Nun, bei Kalie Cassidy bekommen die Sirenen Flügel, wenn sie das Lied des Meeres hören und können mit ihrem lockenden Ruf, über Männer gebieten. Grund genug für den König Nemea, Sirenen zu jagen und zu ermorden. In der restlichen Welt sind die Sirenen weniger gefährdet und können zum Beispiel im Königreich Varya unter der Herrschaft des jungen Theodors friedlich leben. Auf den Feierlichkeiten ihrer bevorstehenden Hochzeit begegnet Imogen Nel, das Mündel König Nemeas, König Theo und versucht mit seiner Hilfe ihrem Schicksal zu entkommen, denn auch Imogen trägt die Kräfte einer Sirene in sich.

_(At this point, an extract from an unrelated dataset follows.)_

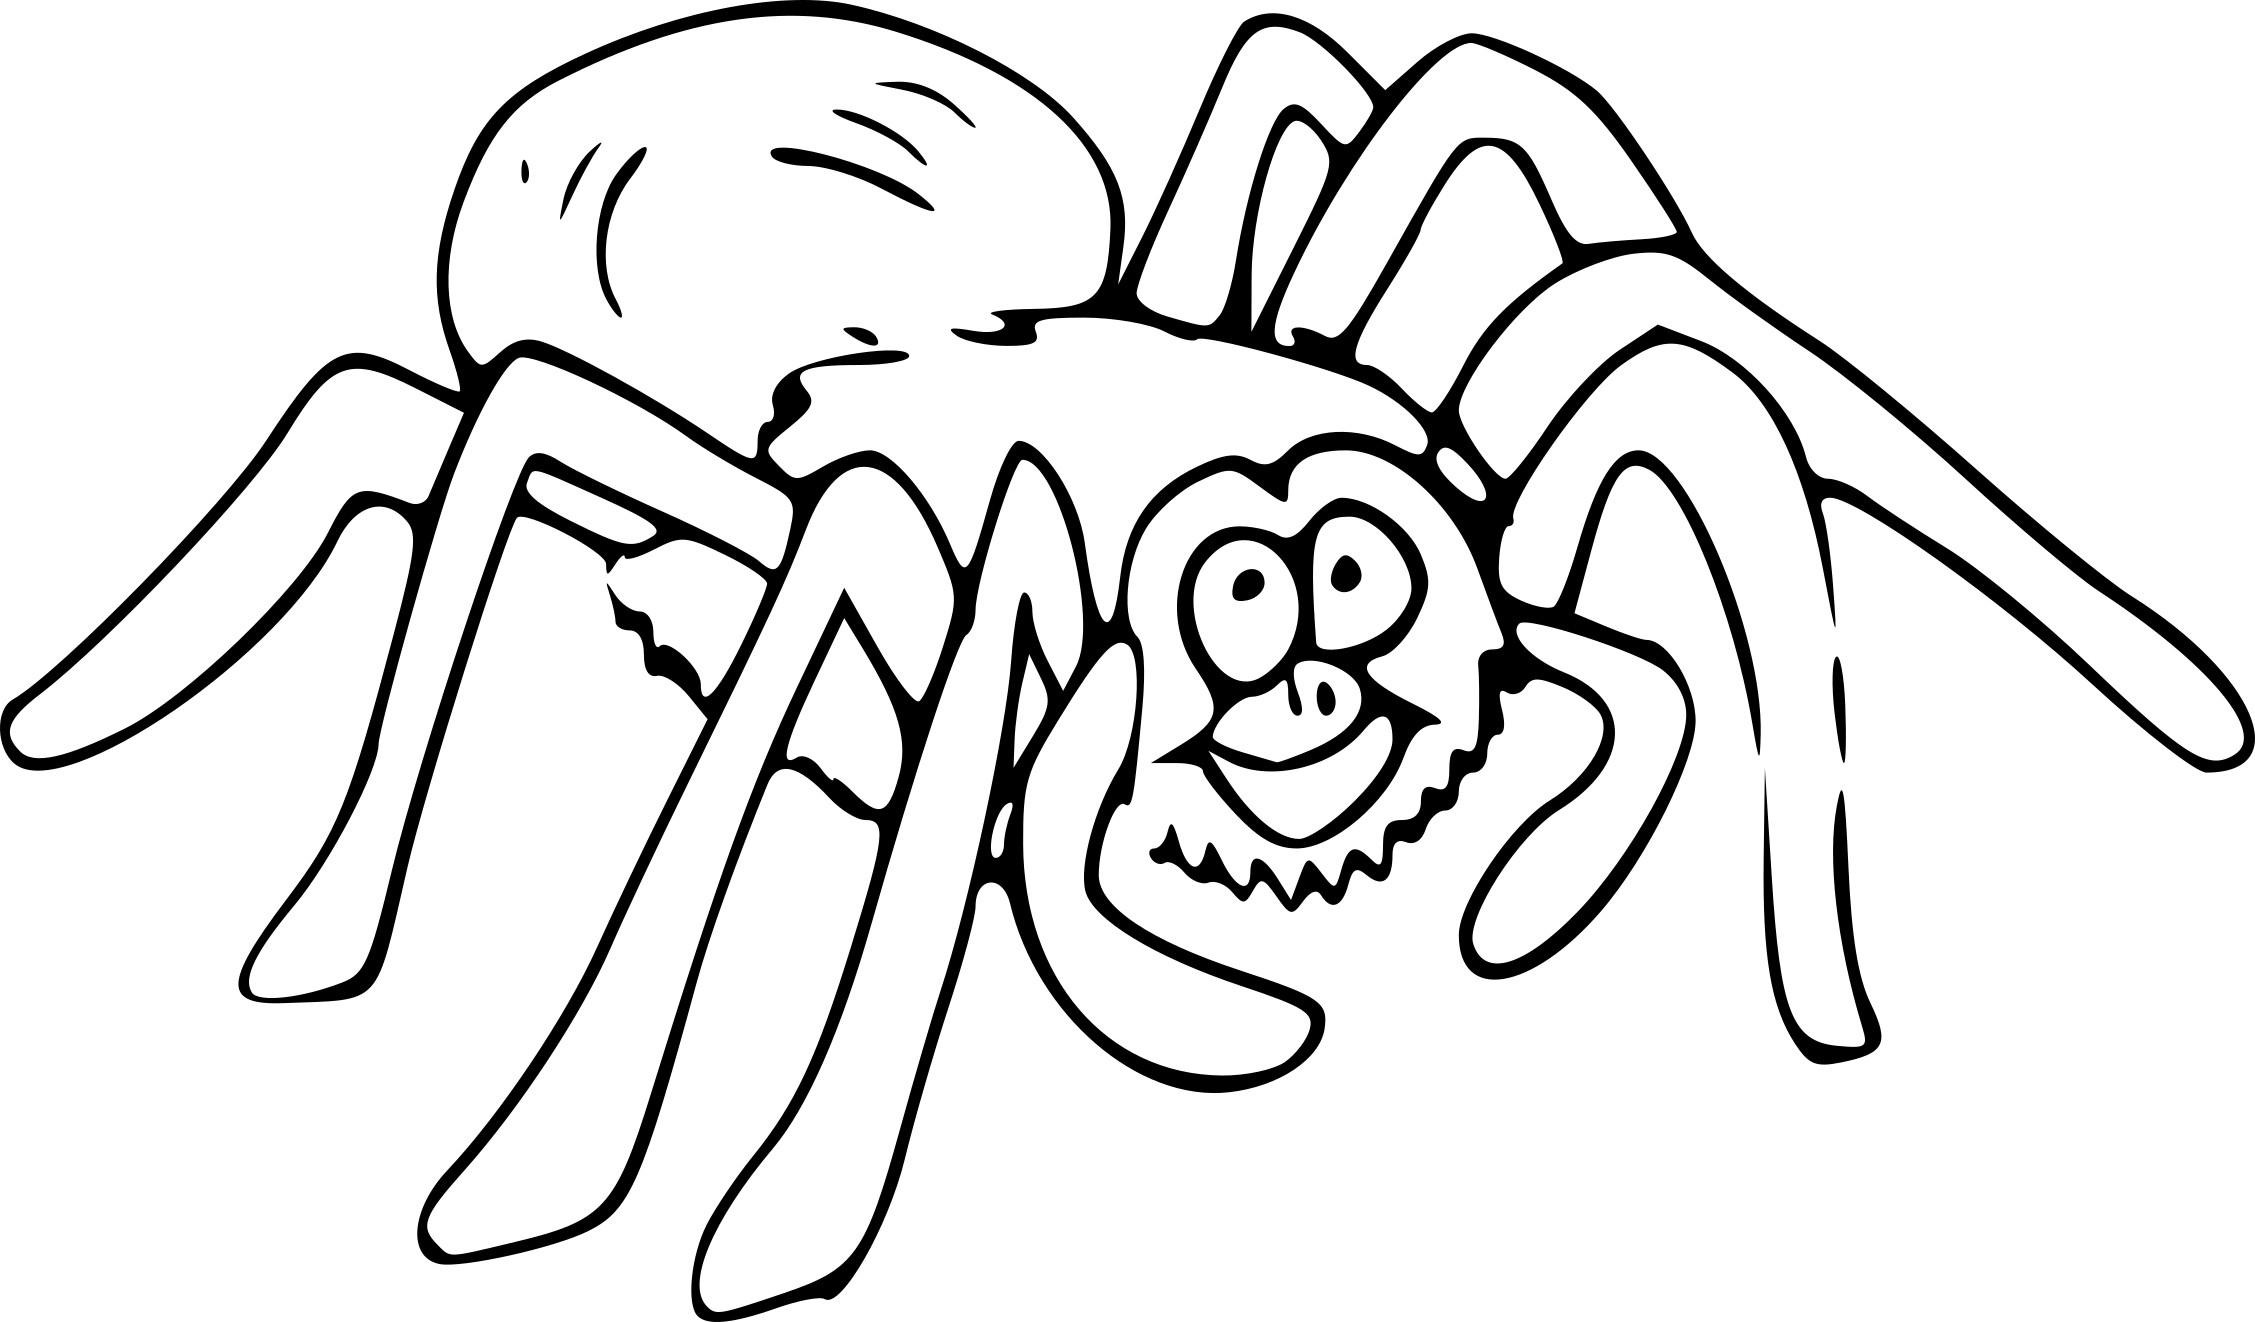 Coloriage Araignée Dessin À Imprimer Sur Coloriages pour Dessiner Une Araignee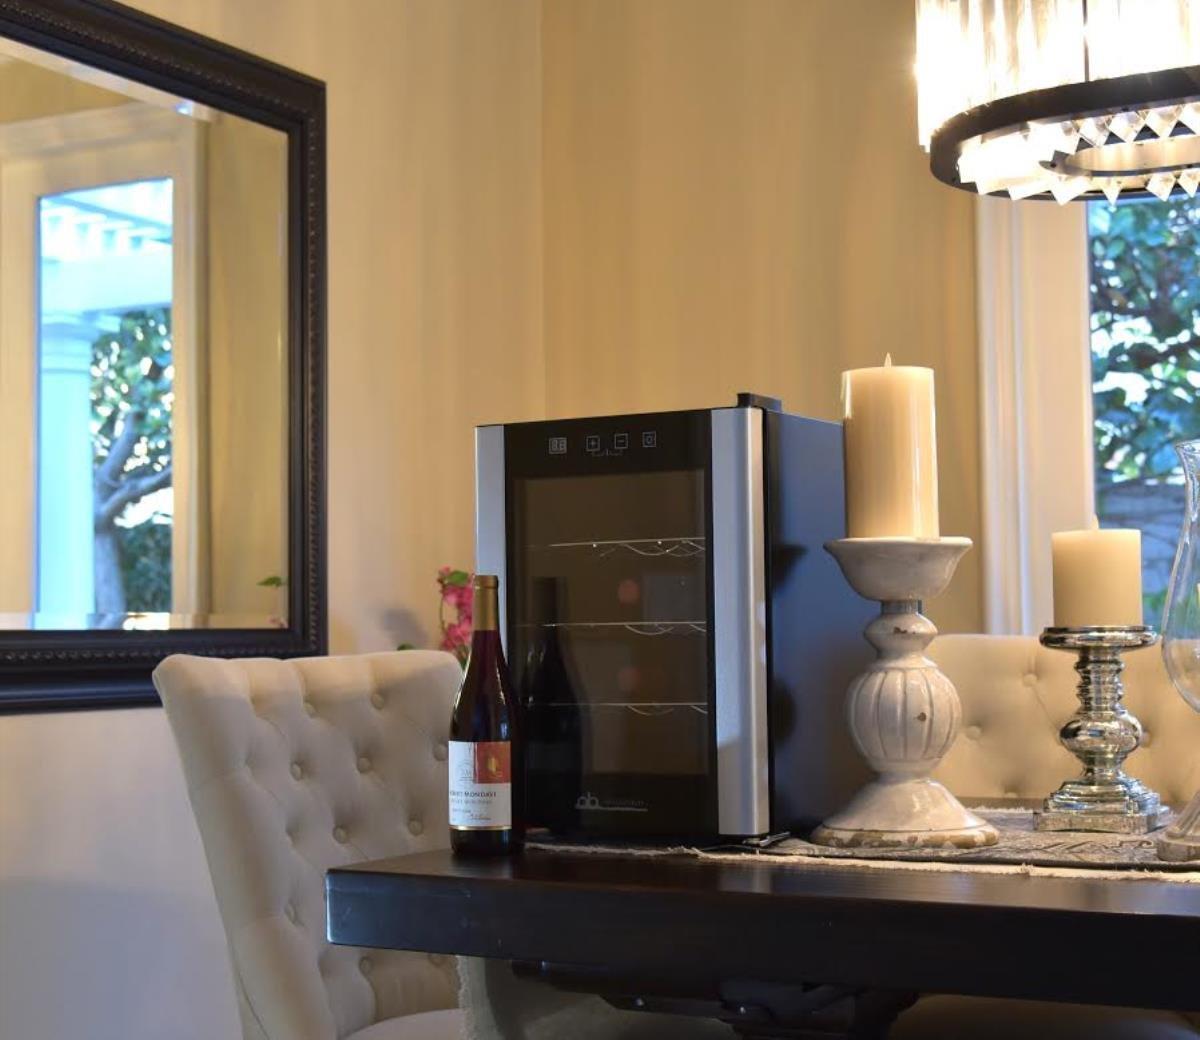 12 Bottle Beverage Wine Cooler Mini Refrigerator Black

Die Grundidee dieses Romans, der Teil einer Dilogie ist, gefällt mir. Cassidy baut eine Welt, die von verschiedenen Göttern erschaffen wurde, die noch fest im kollektiven Gedächtnis der Menschen verankert sind und deren Nachfahren zur Erzählzeit die verschiedenen Königreiche beherrschen. Leider nimmt sie sich nicht genug Zeit, um diese Welt auf ein solides Fundament zu stellen, sondern legt das Hauptaugenmerk auf die zwei Hauptfiguren Imogen und Theo, deren irritierende, wechselvolle Beziehung wohl die Spannung halten soll. Es hilft, um die Seiten umzublättern, aber es täuscht nicht über die Schwachheit der Sprache und der oberflächlichen Figurengestaltung hinweg. Imogen erhält zwar reichlich Raum für einen inneren Monolog nach dem anderen, aber ein Sympathieträger ist ihre Figur nicht. Ihr fehlen entscheidende Charakterzüge, die ihre Handlungen rechtfertigen könnten. Ähnlich ging es mir auch mit Theo, der zwar als absolut pflichtbewusst eingeführt wird, sich aber alles andere als danach verhält und gewissermaßen sein gesamtes Königreich für Imogen aufs Spiel setzt. Es ist nicht ungewöhnlich, dass in dem ersten Viertel oder Drittel eines Fantasyromans mehr Fragen als Antworten entstehen, aber es ist wirklich absolut unbefriedigend, wenn immer mehr Fragen durch die Handlung hinzukommen und keine letztlich wirklich beantwortet werden kann. Das macht auch die Figuren ab einem gewissen Punkt unglaubwürdig. Die Figur der Imogen erlebt in meinen Augen keine echte Entwicklung, sondern wird nur von äußeren Faktoren getrieben. Das macht es so schwer, sich mit ihr zu verbinden, es fehlt an Motivation und Tiefe. Sie ist aber diejenige, die den Leser aus ihrer Perspektive durch die Geschichte tragen soll und kommt mir irgendwann wie ein außenstehender Erzähler vor, der sich gar nicht wirklich für seine Welt interessiert.